Straker drew on his cigarillo again, "Alec, I'd like you to handle taking Andrews off the payroll. Officially, he's gone back to the States - death in the family - you come up with something plausible."

"Jackson makes the mess, Freeman cleans it up. I don't like this pattern of events at all, Ed."

"Hey, we've all got our dirty work cut out for us. We knew that when we signed on."

* * *


"When was the last time you heard from Andrews?" Napoleon Solo asked, straightening his new silk tie as he seated himself in front of Mr. Waverley's desk.

"He's missed his check-in time by over 24 hours now. We can't reach him by phone at his flat, and we've been told by the Head of Production at Harlington-Straker that he no longer works there. Said he left the country - some poppycock about a death in the family."

"Who'd you talk to?" asked Illya Kuryakin.

"An Aussie fellow named Freeman. Seemed very apologetic about Andrews no longer working there, actually. He said he was a most commendable set designer."

Kuryakin and Solo exchanged glances, "And, you want us to track Andrews down," Solo prompted.

"Yes," Waverley handed over files to each agent, "Here are your case dossiers, your airline tickets, passports, letters of reference, etcetera. Illya, you'll be posing as a Russian film director looking for Western financial assistance. This should get you the chance to meet with Ed Straker - let's hope. Napoleon, we've managed to secure you an appointment with Alec Freeman, one of the Harlington-Straker executives. He'll be interviewing you for a job position - in accounting. These assignments should get you past the front gate, and from there, you'll have a chance to pick up Andrews' trail."

Of course, it made zero sense for the two UNCLE agents to travel together. Solo had an economy class ticket, direct from NYC to London's Heathrow airport. Kuryakin's travel arrangements took him by private UNCLE plane connection to Iran, where he boarded an Aeroflot jet and flew to London from there.



Napoleon arrived in England first. He took himself a room at a nice hotel near the studio, and rented a new 1972 Jaguar to drive out for his interview. There had to be some perks to this job, Solo smiled to himself!

When he got to the Harlington-Straker front gates, he was pulled over. The guards looked him up on their clipboard, and had him show his ID and passports. He then got the electronic treatment when he stepped out of his rented vehicle. Having passed the first hurdle to get inside the complex, Solo drove slowly through the electronic gates and into the parking lot. As he got out and locked the car, he noticed a copper-colored gull wing door prototype DeLorean model parked beside his Jag. Those babies didn't come cheap!

Solo headed for the office complex the guards mentioned. He straightened his tie again, out of habit, as he entered and walked up to the receptionist.

Studio executive Alec Freeman came out to greet Solo. They shook hands, and Freeman guided him back to his posh office. The walls were covered with mounted film posters, a few signed actors' photos, and an extravagantly official looking mahogany desk. Solo noted the several thousand pound dress suit, the silk tie.
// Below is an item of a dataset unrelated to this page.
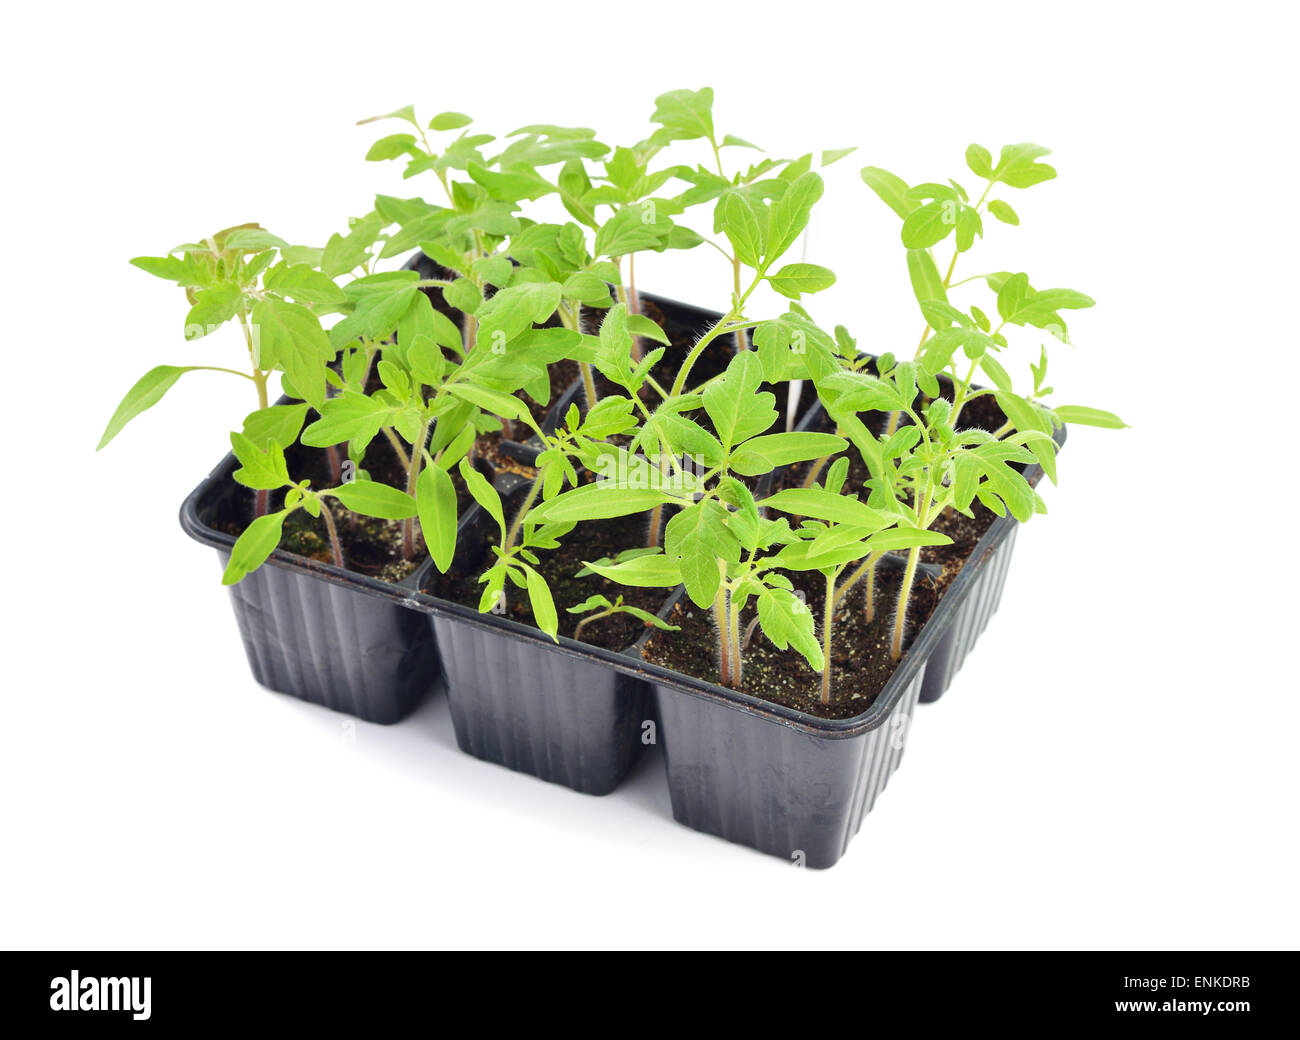 Tomato seedlings in a pot isolated on white background. Young plants in plastic cells; organic gardening Stock Photo
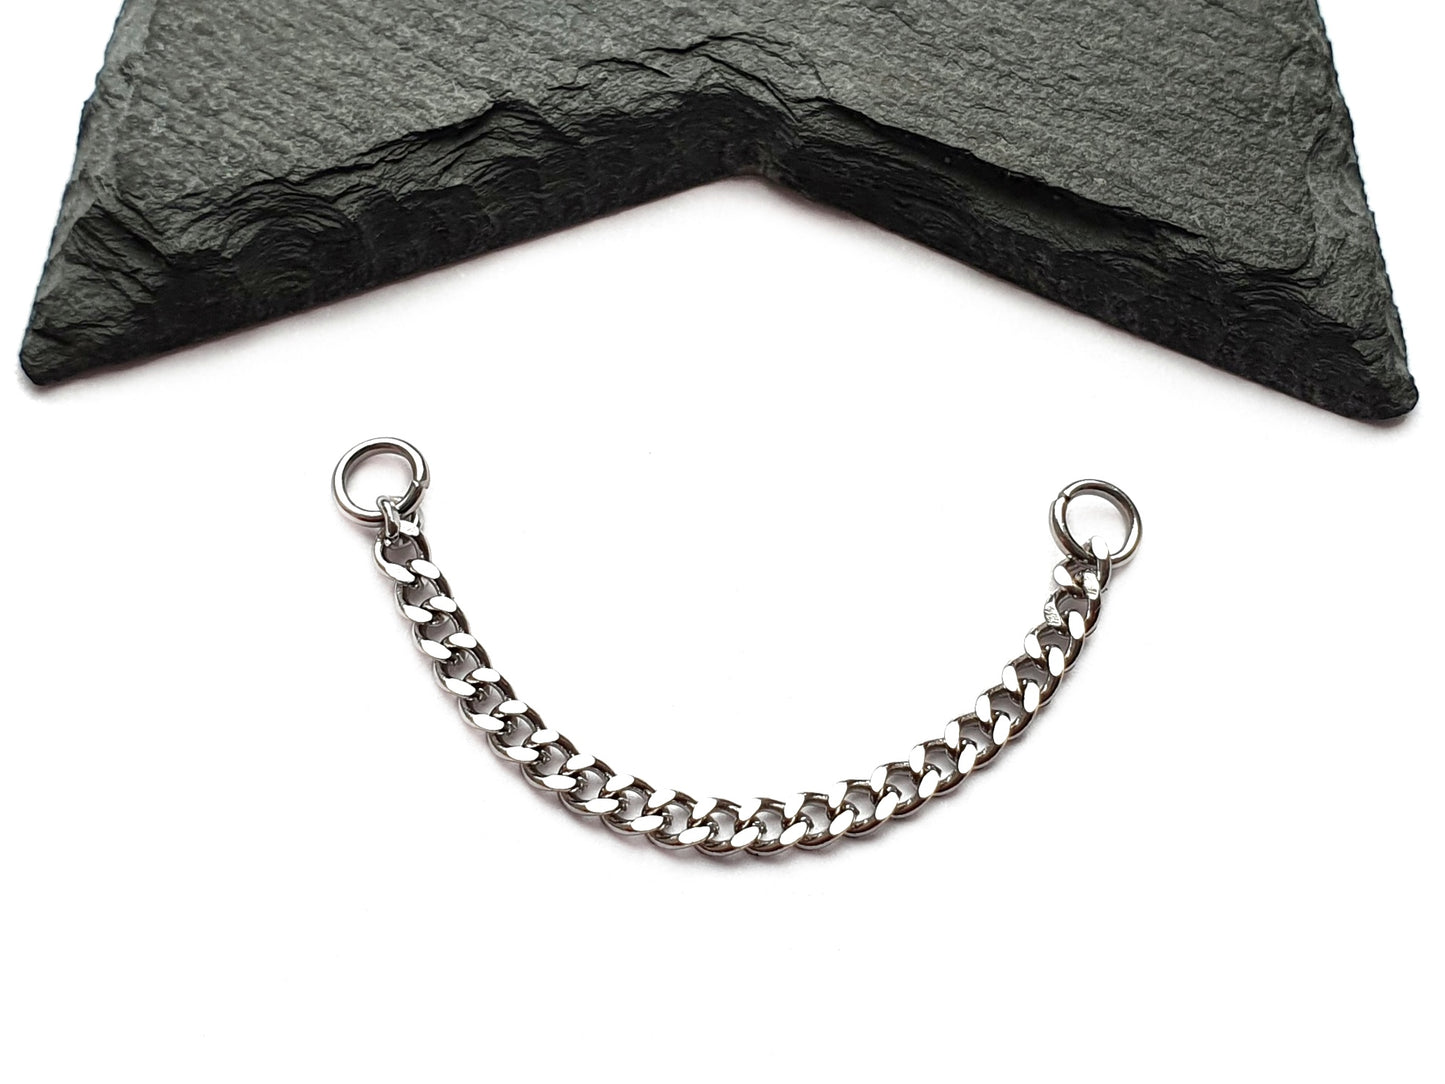 Stainless steel curb chain ear jacket

A snappy dresser himself, Solo always paid attention to what others were wearing.

As Mr. Waverley suggested, there was still a hint of the Aussie in Freeman's voice. He seemed a jolly fellow, quite pleased with himself to occupy such a fancy office (he even offered Solo a Cuban cigar out of a solid silver humidor - Cuban cigars were illegal in the States because of the embargo placed on Cuban products by the American government). Napoleon took the cigar and puffed experimentally as Freeman used a gold-plated lighter to ignite it for him.

"We've had a few Americans working for us before, Mr. Solo. As comptroller of studio financial resources, you'd be responsible for the day to day accounting, as well as projections for each new feature we make. You'd be working with the production teams on this - they give you a price, and you tell them if we can afford to make their picture!" Freeman seemed to find this very amusing.

"Mr. Freeman....."

"Call me Alec - everyone else does," he smiled, puffing on his cigar.

"You realize if I take this position I'll have to terminate my job back in the States. I'll need some financial cushioning to help me make the transition."

"Oh yes. How soon could you get out of your commitment to Warner Brothers?"

"I'm sure my lawyer could handle it for me within 48 hours, especially if I were to call him today with an affirmative answer."

"Well, your resume, and your letters of reference are certainly of the highest order. Our former comptroller just quit to have a baby! I'd like to tie this up and get it off my mind," Freeman stood up and extended his hand to Solo - they shook, "Welcome to the Harlington-Straker family! Would like to meet MY boss?"

"Ed Straker? Sure! I hear he's pretty elusive!"

"Yeah, well, you would be too if people came out of the woodwork to pester you continually with scripts for grade F science-fiction movies and out-of-date westerns," Freeman laughed again. He picked up his phone, "I'll just see if he's in today.........Miss Ealand? Is the Great Man in his office.............no? That's too bad." He hung up, "Guess you'll have to wait till tomorrow. How about a tour of our facility here?"

"Certainly. I may be an accountant, but I'm just as star-struck as the next person," Solo smiled.

"Say, when you worked at Warner Brothers, did you ever see Daffy Duck?" Freeman joked.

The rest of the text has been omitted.